Öğret, Özgür. “News blackout deepens Turkey press freedom doubts.” CPJ Blog, May 17, 2013.
Although the ban was recently lifted, readers who click on the above URL will find a damning story about the character of President Erdogan’s autocracy.
Although a party to NATO security arrangements, a Turkish state evaluated today on its anti-democratic and authoritarian drift would seem a far cry from any European open society.
The good news here may be hinted at by this partial quotation from the same piece: ” . . . but a court in Hatay lifted the ban, just like the Reyhanli court had imposed it.”
In President Erdogan’s Turkey, the autocrat has yet to get a free ride.
Take a look with me at another article posted earlier this year, this one by Al Jazeera:
“There was no [physical] torture but without [a real] reason to be arrested, it was torture to be treated like a terrorist. Everyone is looking at you like you’re a monster,” Zarakolu told Al Jazeera from a café near his home in Istanbul.
The speaker authored articles and published books by Kurdish and Armenian writers of their audiences.
The article will go on to note that Turkish authorities believe they have cause in that the journalists swept into its prisons may have additional roles in illegal organizations, and in this day of “advocacy journalism”, that may be true. Still, it may be too easy to turn the intellectual adversaries of the state into alleged terrorists and thereby remove a part of their ideas and observations from public view.
Measuring strictly in terms of imprisonments, Turkey—a longtime American ally, member of NATO, and showcase Muslim democracy—appears to be the most repressive country in the world.
According to the Journalists Union of Turkey, ninety-four reporters are currently imprisoned for doing their jobs.
Filkins, Dexter. “Turkey’s Jailed Journalists.” The New Yorker, March 9, 2012.
Filkins, whom I consider a journalist’s journalist — truly, the best of the best — goes on to note in The New Yorker piece that “. . . more than seven hundred people have been arrested, including members of paliament, army officers, university rectors, the heads of aid organizations, and the owners of television networks” since Erdogan’s rise to power in 2007.

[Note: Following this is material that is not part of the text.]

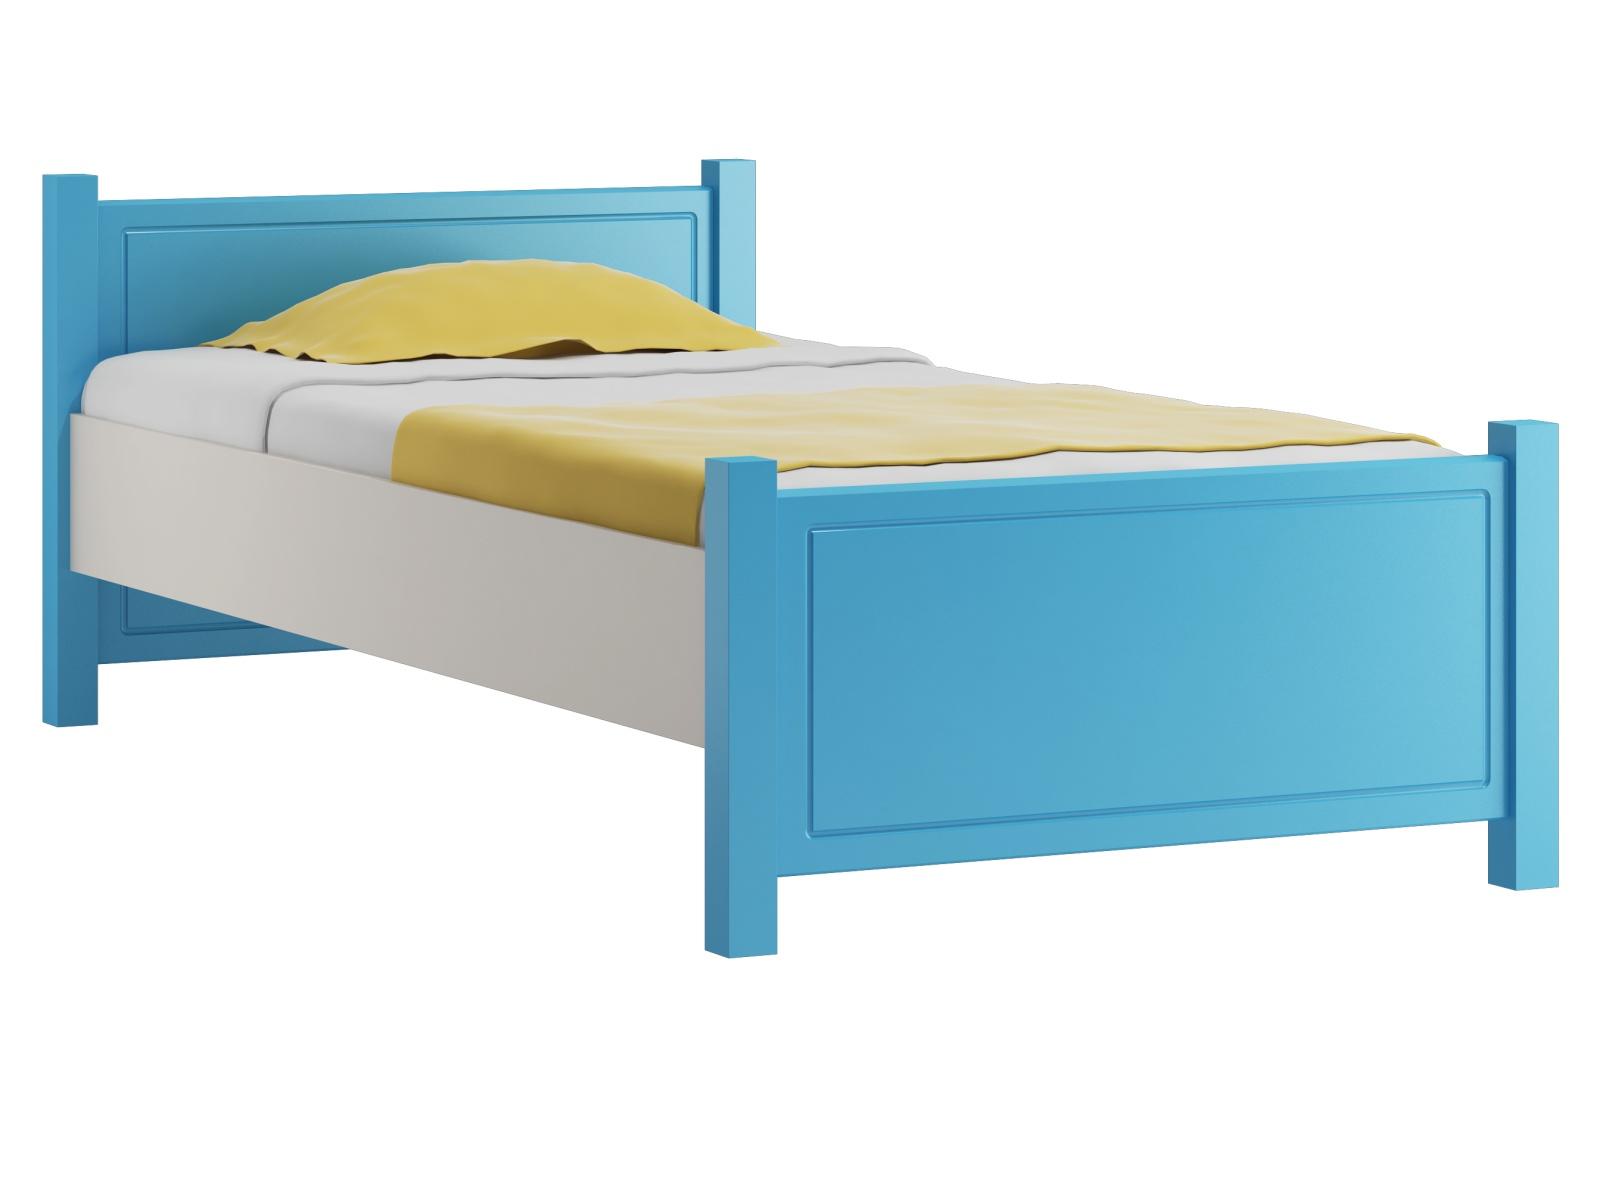 MAGNAT AMEKO postel 70x160 cm s roštem, masiv borovice

Turkey’s “journalism watch” story, as bad as it may be, stretches across and more deeply into the nation’s education, information, and military communities, effectively transforming Filkin’s noted “showcase Muslim democracy”) toward the too familiar “Muslim dictatorship”.
However, as noted, Erdogan’s efforts toward consolidating his power and controlling the intellectual experience of his countrymen are not unbounded, unnoticed, or without impedance.